I would firstly like to attest by no means am i a samsung fan - several years ago i used to like their LED TVs, but am less than impressed with their recent ethos. However, the company is a gargantuan conglomerate, with a huge variety of products, the company comprises of around 80 companies, with annual revenues of over $250 billion!

In addition to the thousands of electrical items they sell to cosumers, they are involved in: shipping, heavy industry, manufacturing machinery, mechano-electronics, insurance, medical, other types of house hold goods steel, roads, etc etc

Samsung is South Korea's largest conglomerate. At the same time, Samsung and the South Korean government are quite intertwined to continue a fairly high standard of living for workers. This would not be allowed in the U.S. or Europe under most circumstances as it would be regulated to increase competition.

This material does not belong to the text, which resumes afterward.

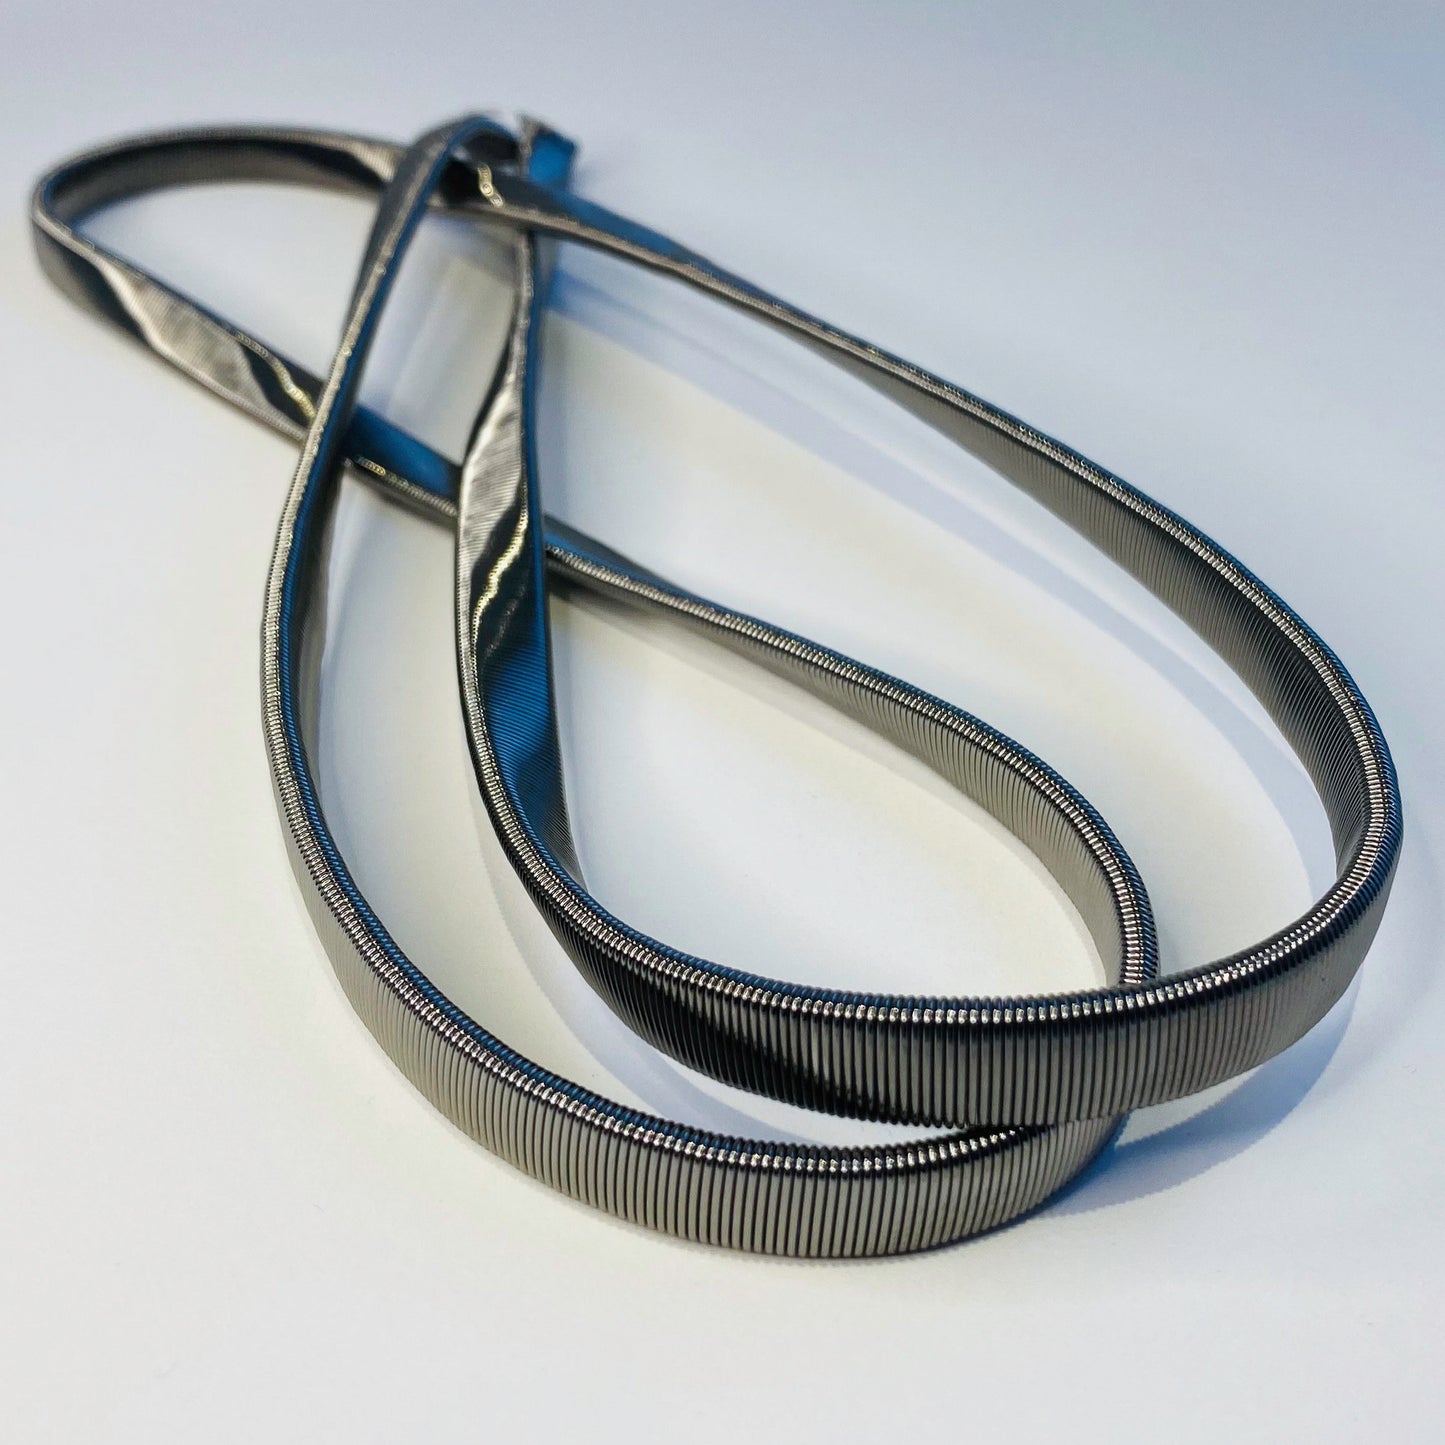 9mm Wide Stretch Metal Bands for Belts or Straps

I'm actually sympathetic to South Korea's dilemma. You see, the county that I live in is the same size geographically as South Korea, yet has one thousandth the population. Imagine the pressure that South Korea faces from the other Asian nations competing for the same technological lead, as that is the only model that produces enough profits to fuel a sustainable economy.

But that doesn't change the fact that South Korea, while being a fast follower in many consumer products, and even a leader in some, and with a vast manufacturing base, may ultimately meet the same fate as Japan and other first world nations; vast wealth, but an aging population supported by a decreasing proportion of the its population.
 
Man, you truly have no clue? Bizarre for someone with Tech it their name...

- First the SOC is not just the processor, basically APPLE has integrated a ton of different system functions on it (1/2 the die is neither CPU nor GPU). The Apple SOC is basically a motherboard that tightly couples all functionalities. From a power, speed, costs and reliability perspective there are huge advantage to doing this.

- Secondly, the CPU part of the A8 (and A7) is so far away from the ARM reference design (which Apple is licensed to modify, unlike most others) that 64 bit chip that closely derive from the reference design from the like of Qualcom are just coming out 2 years after Apple heavily modified it. And, those chip are still not beating the A7 from last year.

- Thirdly, by putting the GPU and CPU on the same die, they can more tightly integrate them together (think APU). That's again what NOBODY is doing right now.

Basically, Apple has a big hardware advantage on all others, even Samsung. Samsung is the fab, they design the process that translate the design to silicon. They're good at that, but they are losing ground on actually designing their own chip.

The fact that Apple can customize their hardware so much and adapt their software to it makes it very hard for others to compete with it.

The reason they must use Samsung is simple. VOLUME. Apple needs so many components these days that there are very few manufacturers that can produce them in the quantity they want at the quality level they need.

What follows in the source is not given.